▸ **DATA SECTION**:
┄┄┄┄┄┄

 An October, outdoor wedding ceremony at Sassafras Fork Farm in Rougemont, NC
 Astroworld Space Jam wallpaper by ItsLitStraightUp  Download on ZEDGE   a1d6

┄┄┄┄┄┄

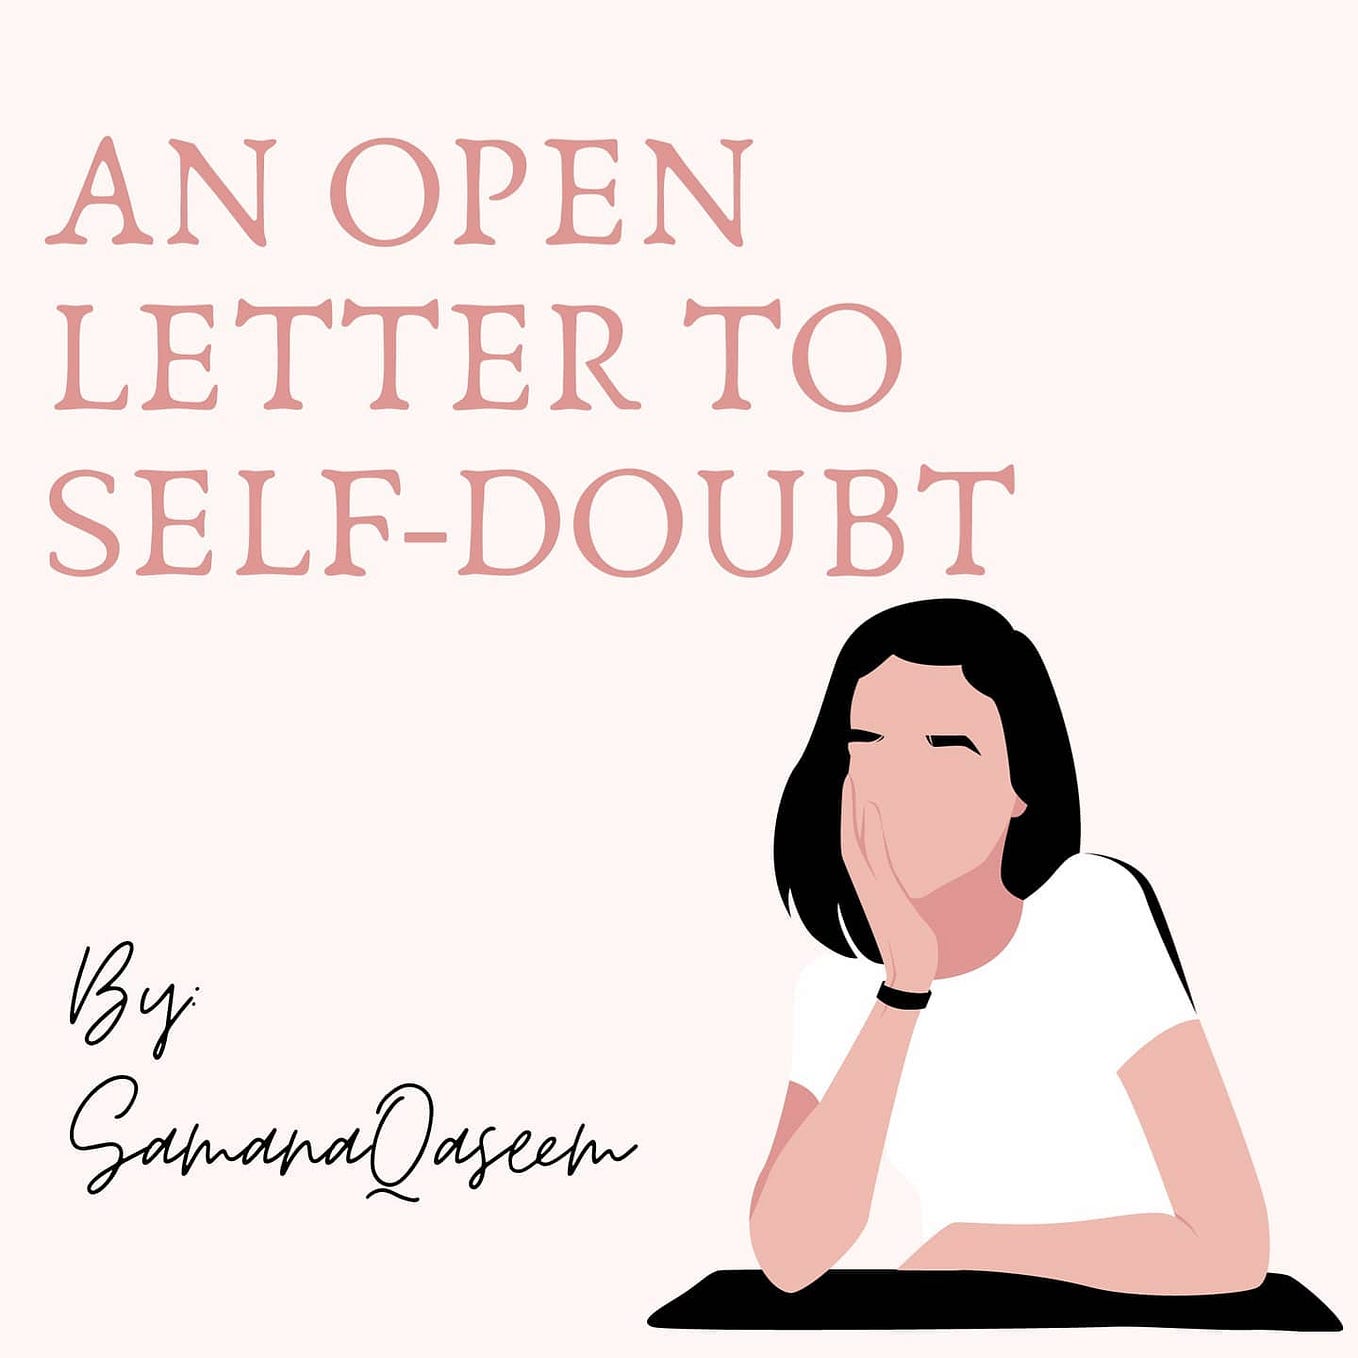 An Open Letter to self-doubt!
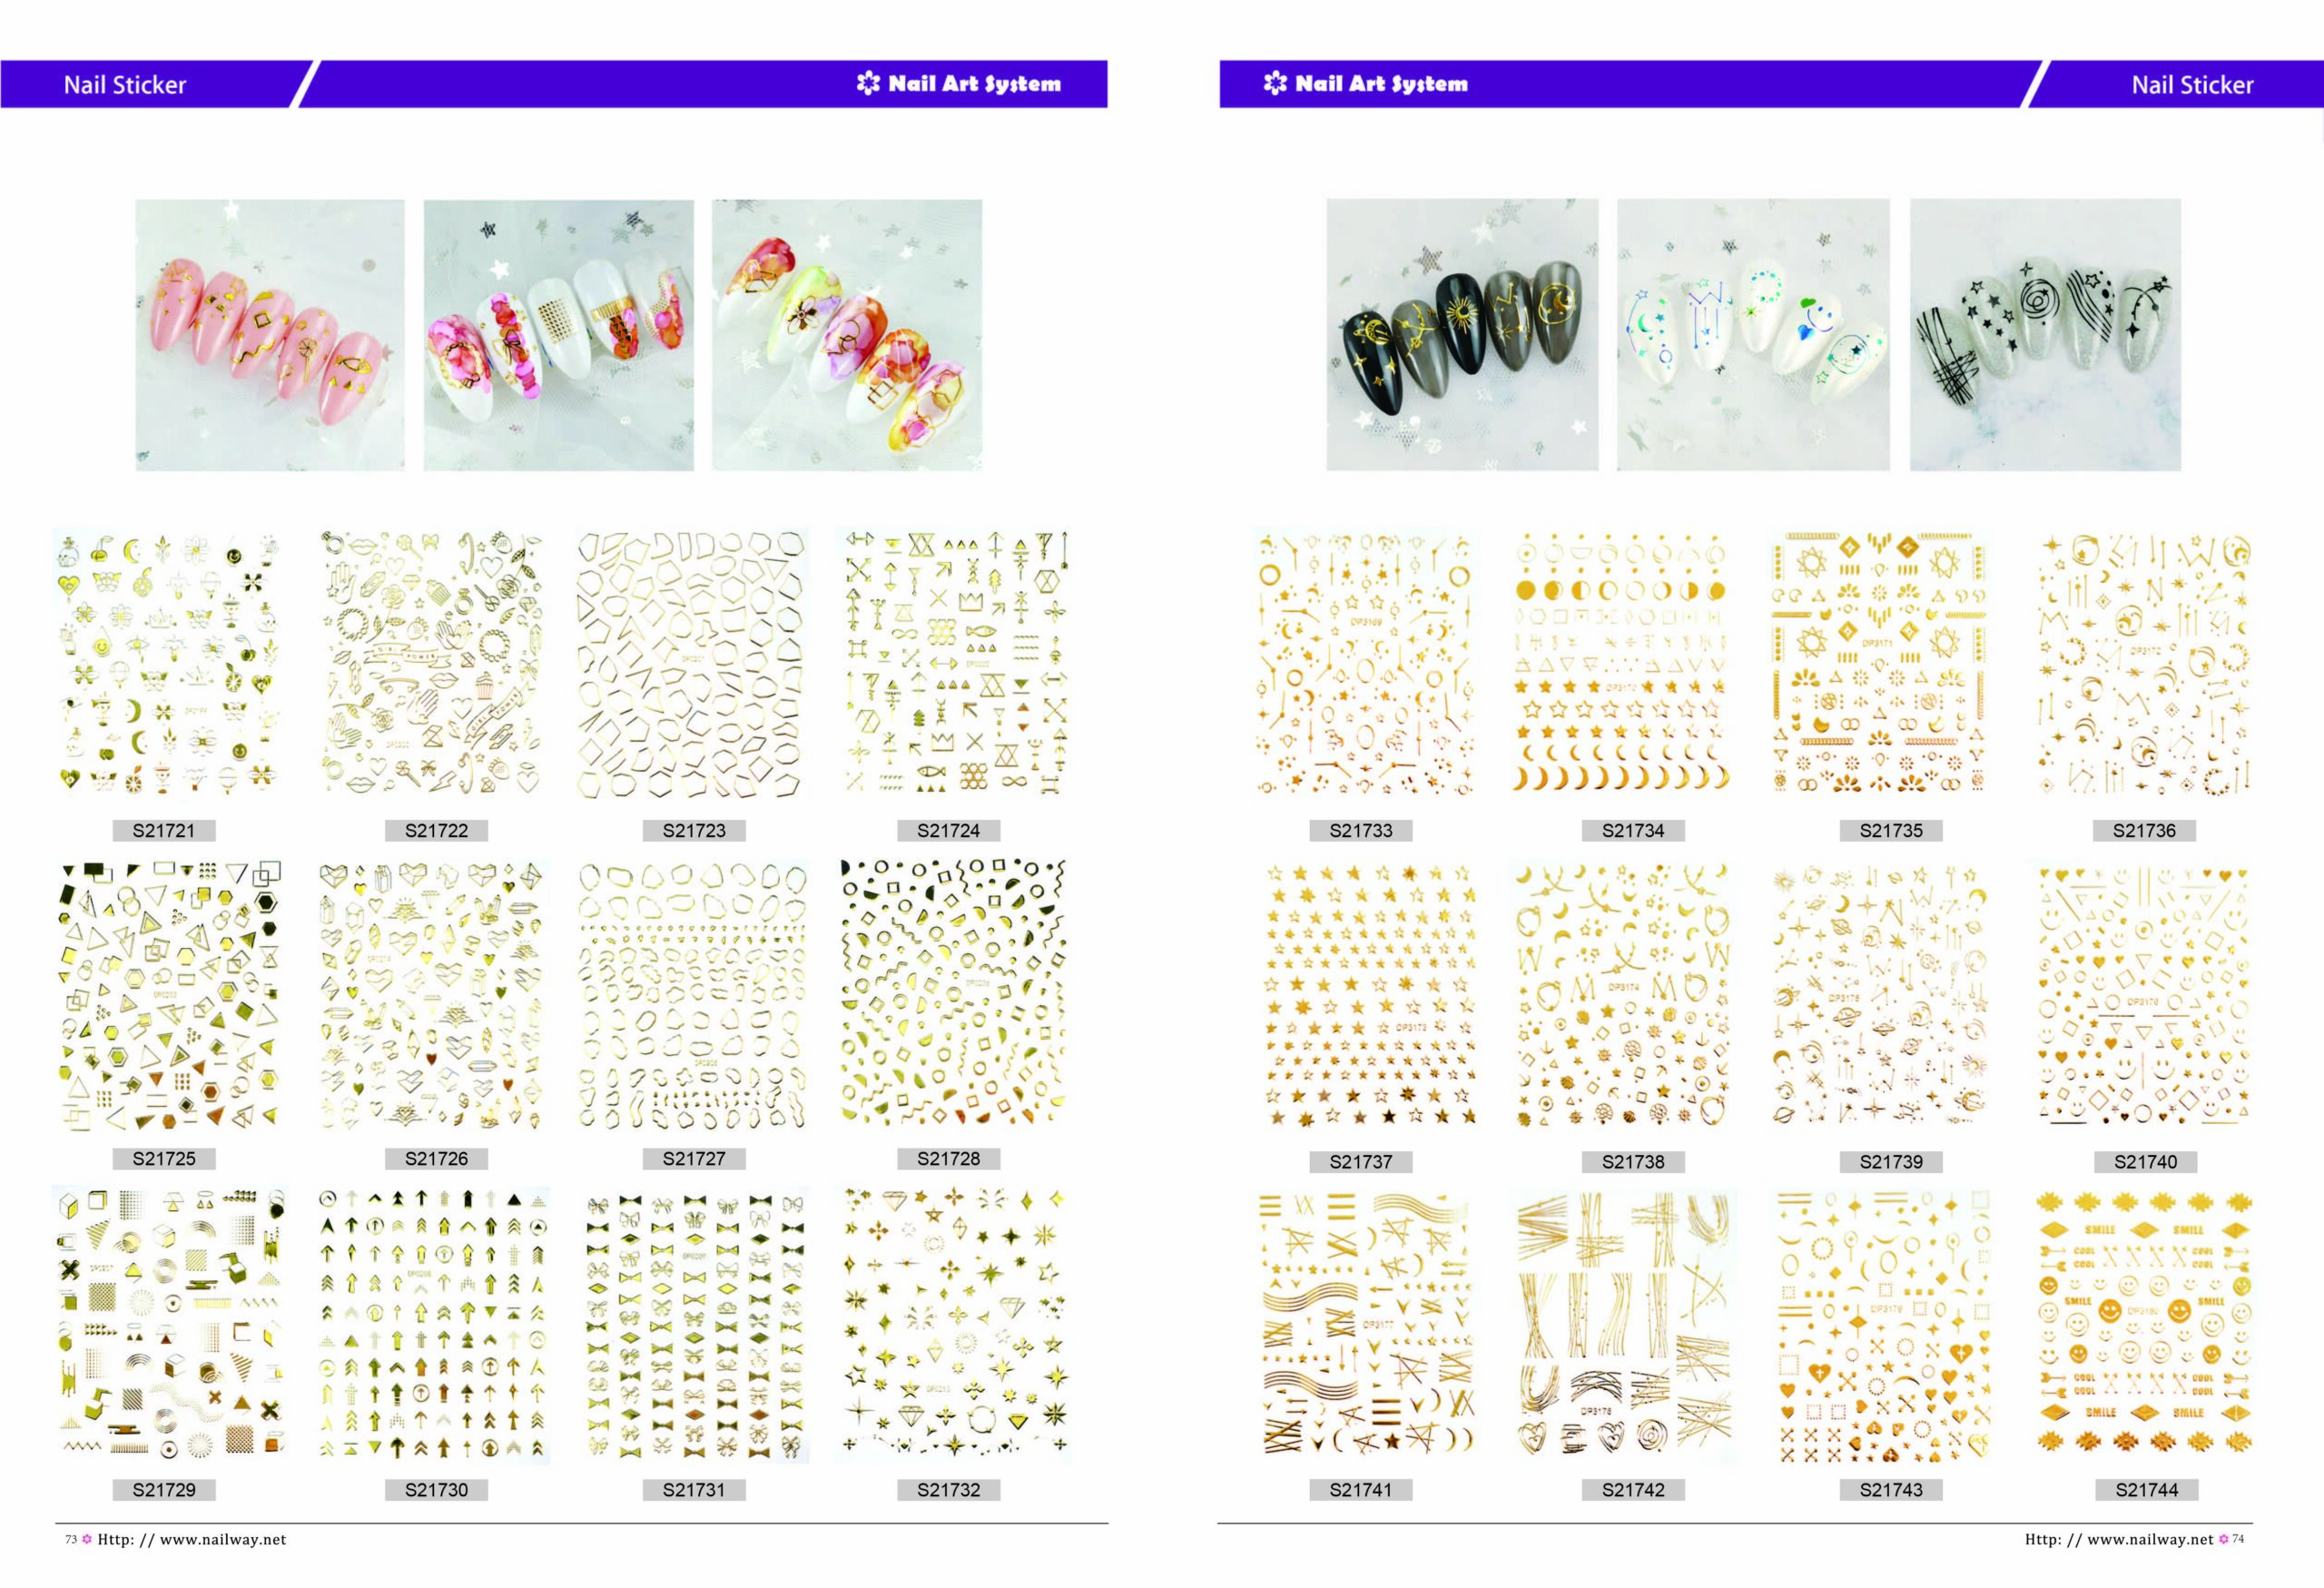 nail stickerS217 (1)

┄┄┄┄┄┄

▸ **EXERCISE**: Using the entries above, output exactly the lines between the line holding "An October, outdoor" and the line holding "Astroworld Space Jam", end lines included, and nothing more.

▸ **TASK ANSWER**:
 An October, outdoor wedding ceremony at Sassafras Fork Farm in Rougemont, NC
 Astroworld Space Jam wallpaper by ItsLitStraightUp  Download on ZEDGE   a1d6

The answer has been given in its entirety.